If memory serves they forcefully reinstated the package against the maintainer's wishes, which is a divorcement from the people they claimed to serve at best, and legally dubious at worst. Shortly after this they stopped caring much at all about abuse on their platform at all (core.js advertisement spam, anyone?) and haven't really worked with the community on standards, compatibility, etc. after that.
The npm@5 release was a disaster. The introduction of package lock files couldn't have gone worse, and as I remember it it was a push to get it out alongside the next Node.js major release (I got the feeling the Node team didn't wait for npm to be ready, which I think is a good thing given npm is a for-profit, or at least acts like one).
The community outreach during that time of what seemed like endless major, catastrophic bugs and the shaming of the community for putting pressure on them, the pious attitude, was only further proof that npm was no longer an agent of FOSS. I can't remember if left-pad came before or after that but in my head it was all one long drawn out declination of the ecosystem.
The packages on npm are a meme now; small packages that do trivial tasks, and everyone likes to make fun of it. Maybe it wasn't the best thing, in hindsight. But context is crucial; npm was the first incredibly accessible package manager for an emergent popular technology, almost entirely community managed, with a good system for querying and tight integration with Github's "social coding" spirit.
It existed very early in the Node lifetime, back before even ES5 was available (we still used `var` and `prototype`!), before JavaScript best practices really existed. Before Node.js was given to the community by Joyent. Before even the Io.js fork and the exit from the long stagnation that was Node 0.10/0.12.

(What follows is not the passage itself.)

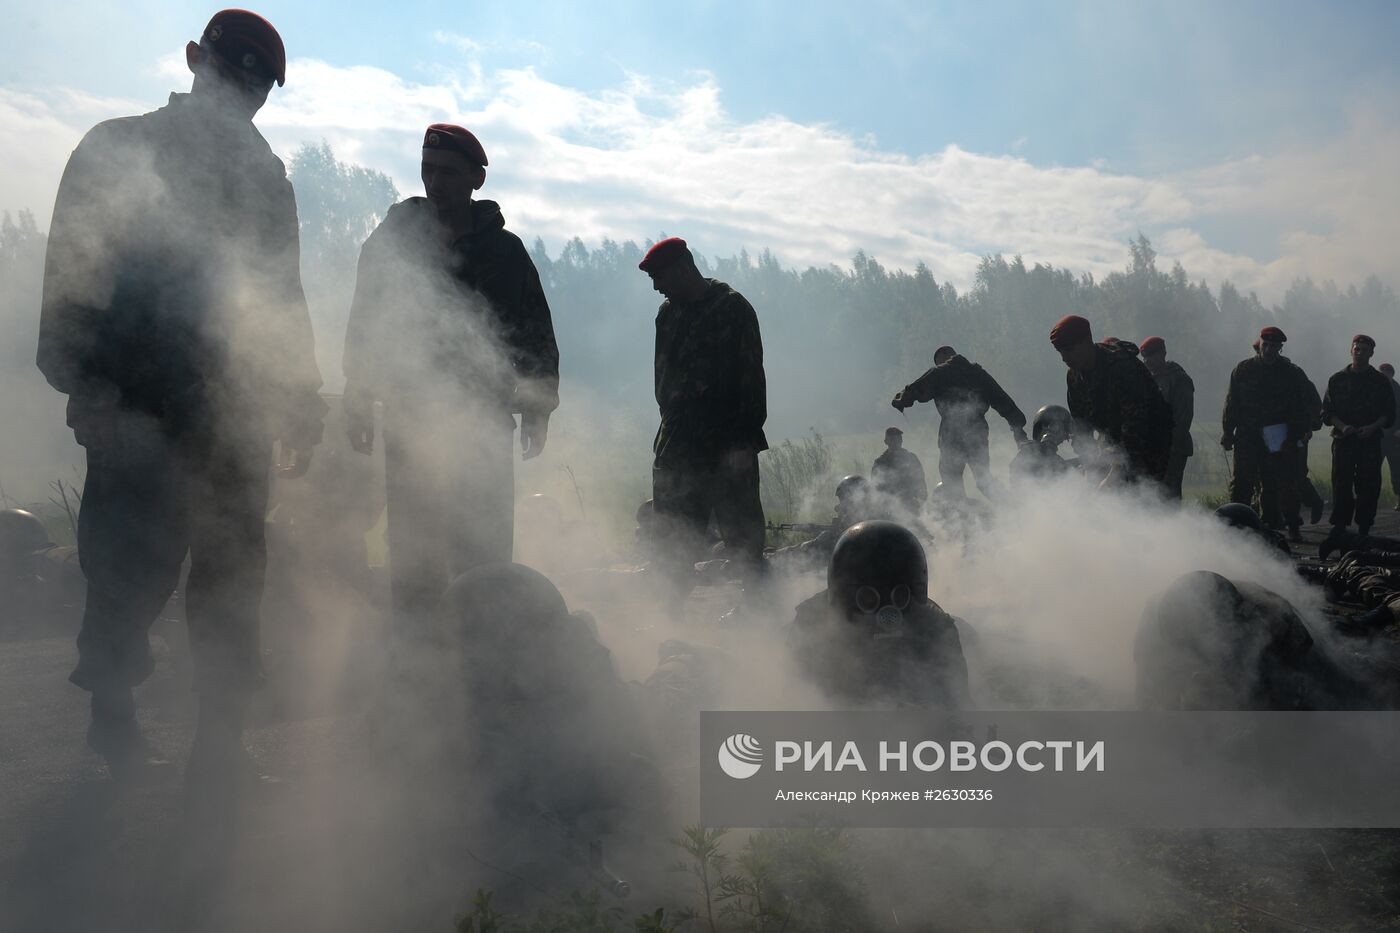 Испытания на право ношения крапового берета в Новосибирске

Nobody knew the best way to do things.
I can completely understand the author. From a security perspective I'm really thankful left-pad happened, even if it wasn't the reasoning of the author; it made people acutely aware of what relying on corporate interests divested from the communities they claim to serve, bring to the table in terms of risk. It started many conversations about supply chain security, redundancy, etc. That's a hard thing to do, and it's made the industry a bit better in the long run.
Good followup, neat to read this after so long.
imtringued
Azer Koçulu has never been a scourge to the NPM ecosystem. Nobody forced anyone to use left-pad. The reason it got included in so many projects is due to messy transitive dependencies.

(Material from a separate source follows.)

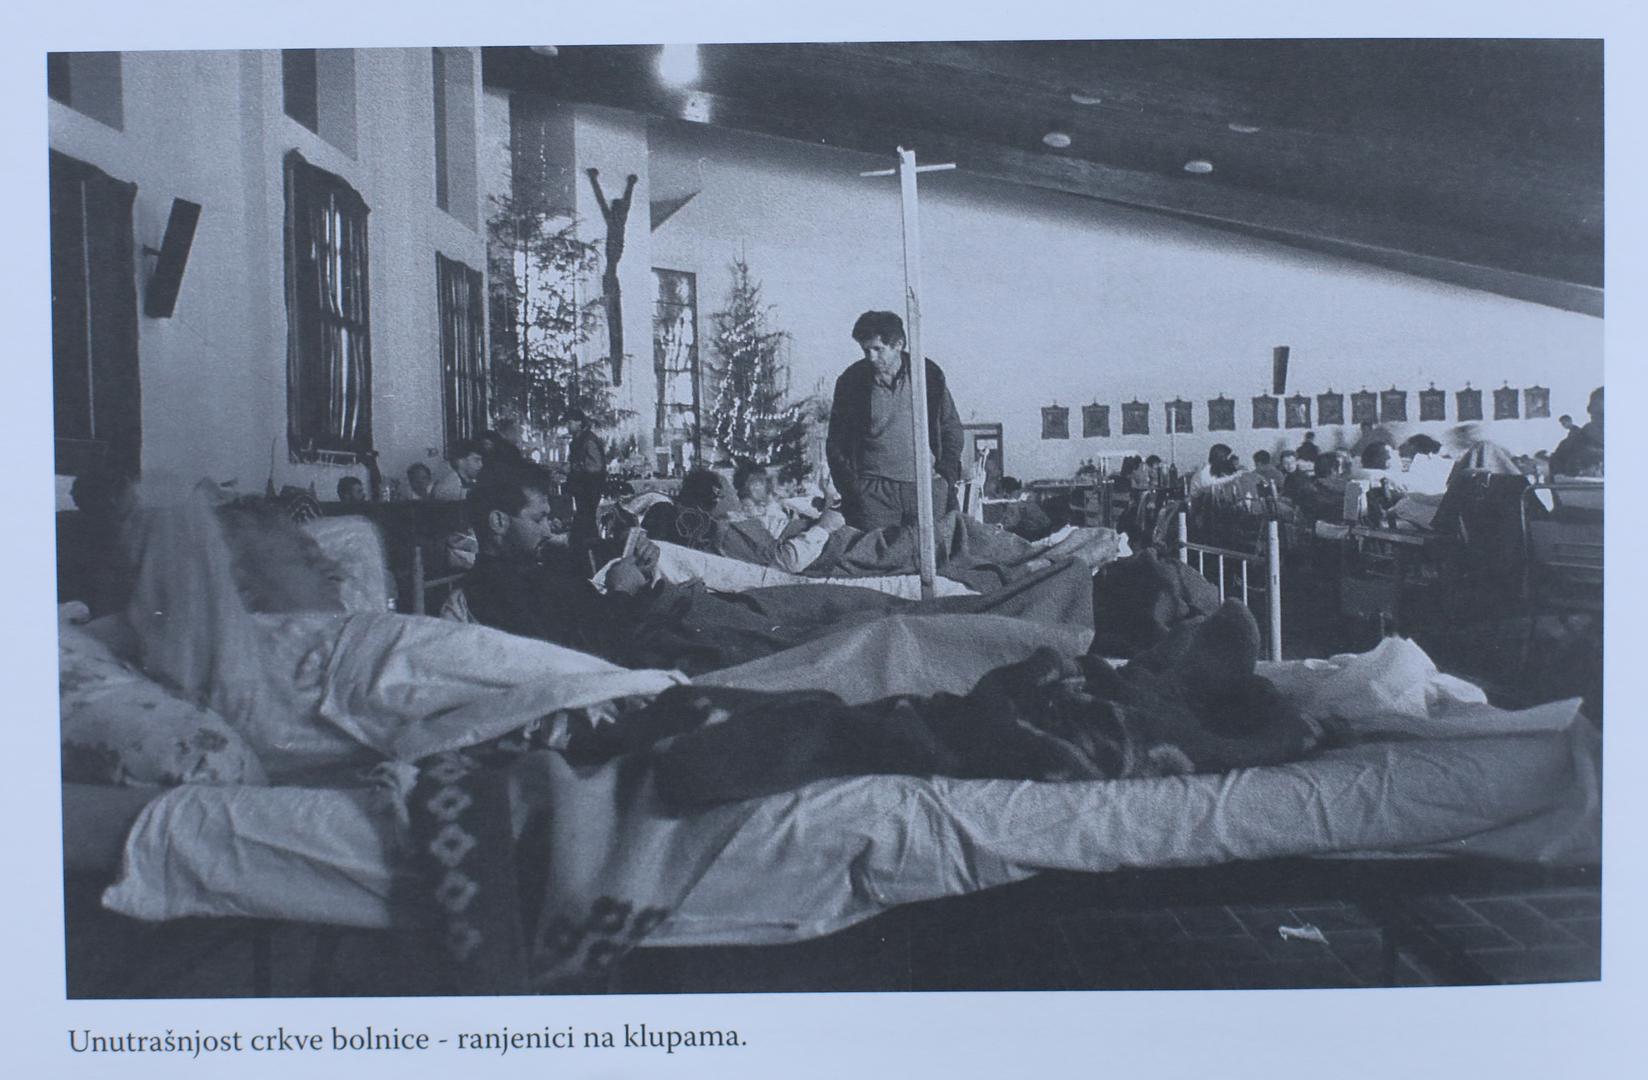 Nehumani uvjeti - U franjevačkoj crkvi pretvorenoj u bolnicu ranjenici su ležali po drvenim klupama

Jon Schlinkert on the other hand is going out of his way to produce these micro libraries and then include them in his widely used legitimate projects (handlebars-helpers) with zero willingness to simply integrate them into the projects that actually use them. Here is the deal: Do you want to be trolled? Then use handlebars-helpers, if not, then stop using the damn library.
throwaway290
NPM (well Microsoft) forcibly took guy's package to give the name to this company: https://www.bbc.com/news/uk-45568276
Since then the name is basically squatted?

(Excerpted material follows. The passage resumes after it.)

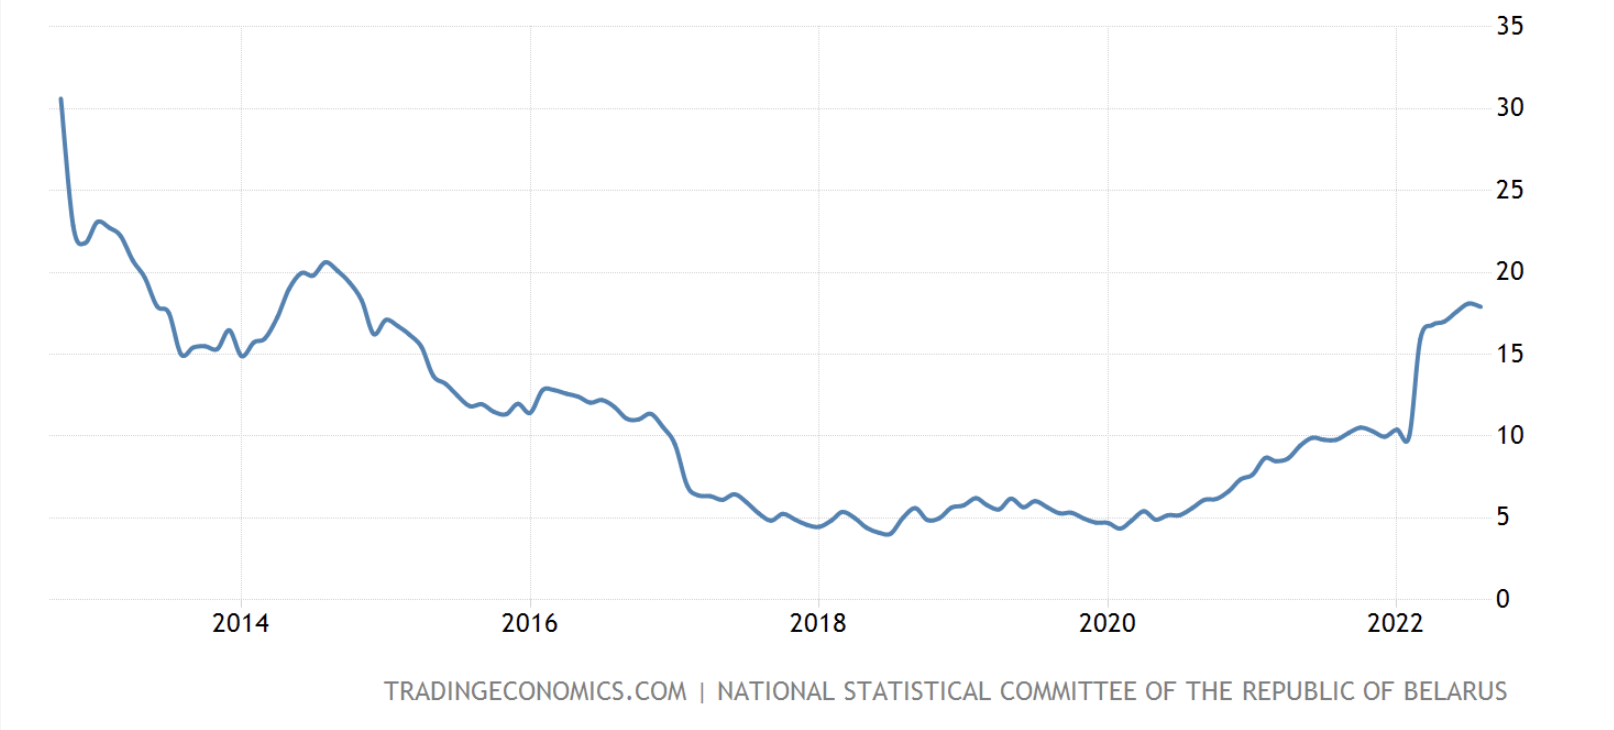 שיעור האינפלציה בבלארוס, אוקטובר 2022

Whether you use left-pad or not is up to you… but this Kik story is just a bad look for Microsoft all around.
majorbugger
Why Java can have reliable utility libraries such as Apache Commons and Google Guava, but JS somehow cannot?
iLoveOncall
> Left-pad was like a "death" and "re-birth" moment for me. The part of me passionate about open-source was dead, and something new took over. Now, I'm passionate about business, marketing, running companies / teams
Wow, I couldn't think of a worse rebirth.
heroku
I owned the heroku user name on npm and gave it to official heroku website upon request.
incrudible
It was good that this happened. Name squatting is a real problem and when in doubt, err on the side of least surprise. Not having usage statistics was a real problem. Being able to just unpublish was a real problem. Infrastructure relying on trivial 10-liners by opinionated individuals was (and still is) a real problem. Nobody in this situation is truly at fault, because nobody owes anyone anything, yet everyone can learn something from it.